Lorsqu’on lui pose la question de la nécessité de doter le juriste français du legal privilège, Marc Jany reconnaît qu’il serait utile pour le positionnement du juriste dans l’entreprise, mais s’interroge sur son impact opérationnel. Il explique : « Le secret professionnel n’est plus ce qu’il était, il est mis à mal par l’évolution juridique et judiciaire, notamment le droit d’enquêter, et son impact est moins fort qu’il y a quelques années. Je reste néanmoins optimiste sur le sujet et la position du patronat évolue, alors qu’il était auparavant foncièrement contre un salarié ayant un statut autonome dans l’entreprise ». Ce statut renforcé permettra aux juristes de travailler de manière « plus symbiotique » avec les avocats, déjà détenteurs du secret. Même s’il confesse n’avoir jamais ressenti, au cours de sa carrière, le besoin de s’inscrire auprès d’un barreau étranger, Marc Jany reconnaît que le legal privilège aurait été utile lorsqu’il travaillait dans la branche énergie Alstom, dans le cadre des multiples enquêtes pénales qu’a connues l’entreprise. « Il permet au juriste de donner ses avis par écrit, et non pas seulement à l’oral », indique-t-il.

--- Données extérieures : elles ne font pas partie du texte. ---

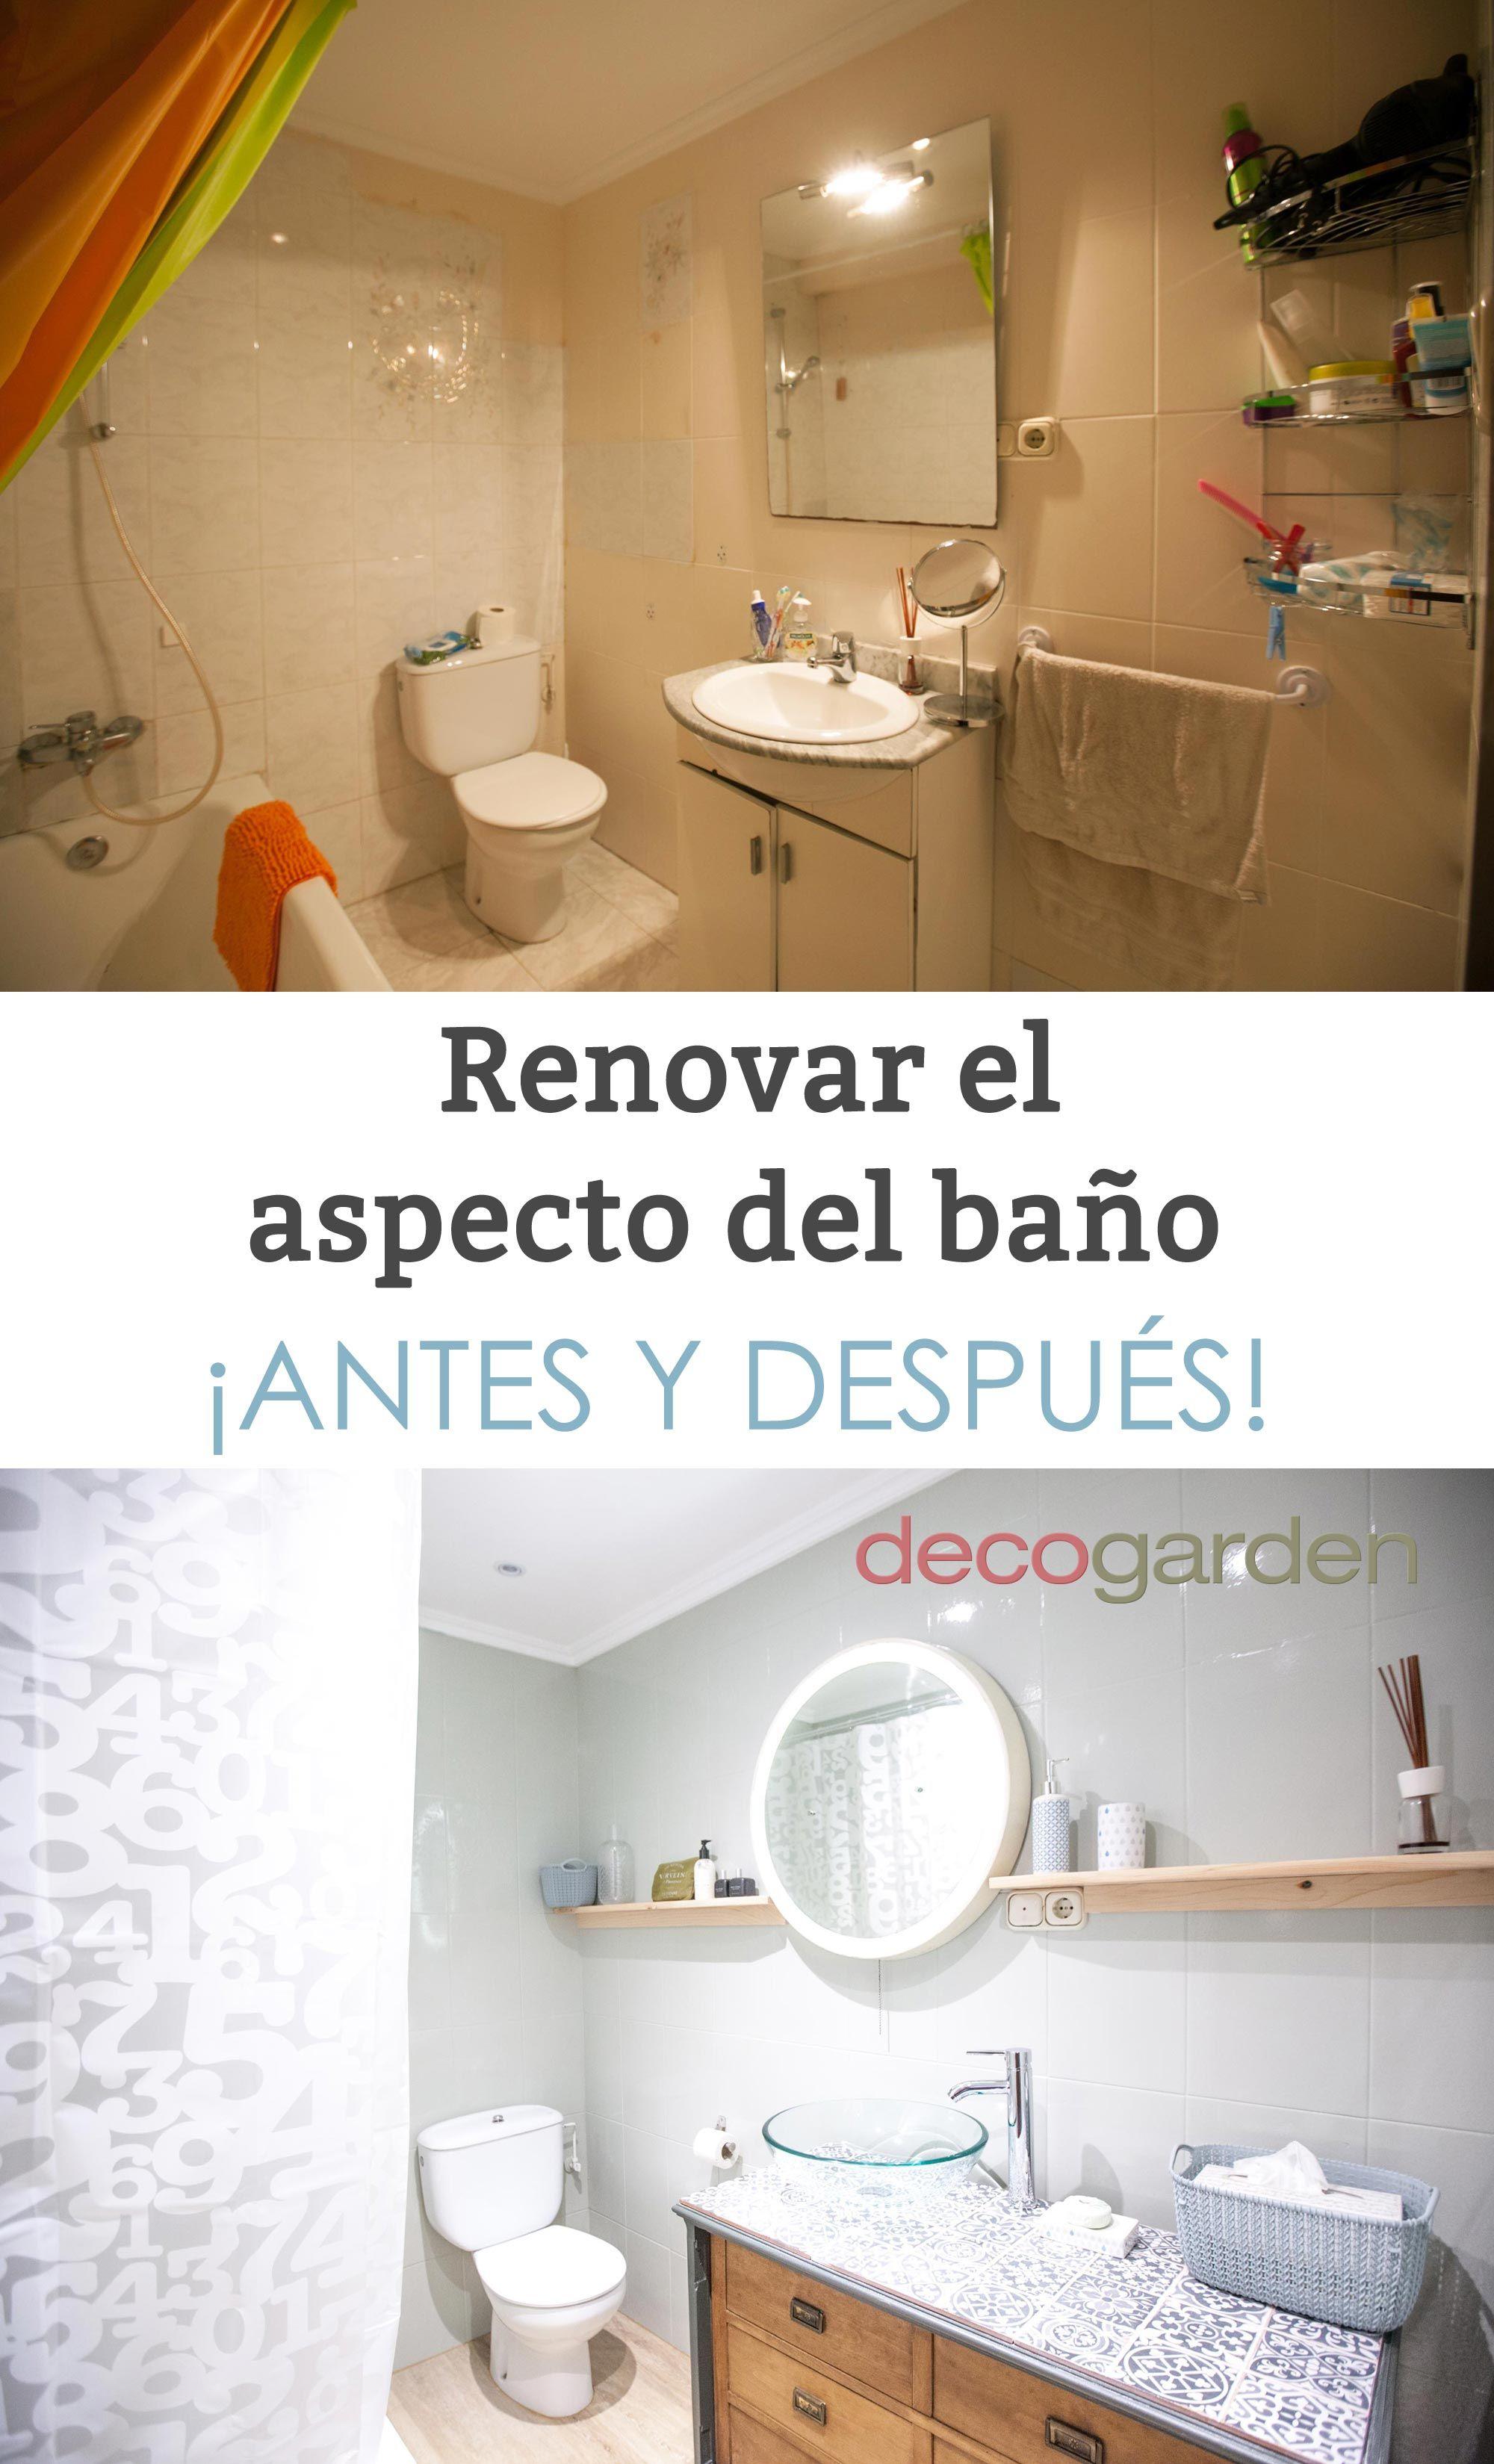 Renovar el aspecto del baño - Decogarden | Decoración de ...

La nouvelle donne de la conformité

Après son expérience en Suisse, en 2016, Marc Jany regagne la France et quitte le secteur industriel pour Dassault Systèmes dont il devient directeur juridique. Il évolue ensuite pour prendre en charge le déploiement de la branche compliance au sein de cet éditeur de logiciels 3D. « Il y avait de nouveaux enjeux réglementaires et des attentes des investisseurs. La compliance est le lieu de la transformation des mentalités et des process, dans un but de protection non pas seulement de l’entreprise, mais de la société au sens large ». Il y voit l’opportunité de se réinventer lui-même dans cette fonction qui a des frontières avec beaucoup de domaines : le juridique, le développement durable, l’éthique, etc. Après son passage chez Alstom, il est bien placé pour savoir quels ravages peut faire une enquête pénale sur la réputation des entreprises. Le code de conduite interne qu’il met en place couvre de larges domaines : sécurité informatique, protection des données, gestion des enquêtes internes, etc. « C’est un secteur où beaucoup de process sont à bâtir, où les besoins évoluent rapidement et ou des compétences très spécifiques sont requises, alors qu’il y a peu d’experts », observe Marc Jany. La matière impose également d’exercer de manière un peu différente. « Travailler en mode gestion de projet ne peut pas se faire à temps partiel », constate-t-il. Les enjeux de la conformité sont ambitieux et participent de la transformation des entreprises. « Les juristes doivent saisir l’opportunité de la conformité pour ne plus être considérés comme des gendarmes, mais pour encadrer, en amont, le business et le faire avancer de manière éthique et durable ».

Écouter le bruit du monde

Marc Jany prédit que l’économie mondialisée nécessitera l’harmonisation des besoins et donc des législations. « Les juristes doivent rester à l’écoute », avance-t-il. C’est pourquoi il conseille aux jeunes juristes de diversifier leurs études de droit en y ajoutant un diplôme étranger ou d’une école de commerce. Il leur recommande également d’être attentifs au choix des entreprises dans lesquelles ils travaillent. « Il faut choisir la culture d’entreprise qui vous convient ». Il exhorte également les jeunes juristes à ne pas stagner, mais à partir sans cesse en quête d’excellence, à se challenger, à développer de nouvelles compétences. « Le droit pénal devient désormais une nécessité, la compliance est un must have et une bonne connaissance de la gestion des risques est très appréciée ». Il souligne l’importance du travail en commun, de la maîtrise des langues et de la mobilité géographique et estime qu’il ne faut pas hésiter à prendre des risques et à changer d’entreprise, de secteur, voire de pays.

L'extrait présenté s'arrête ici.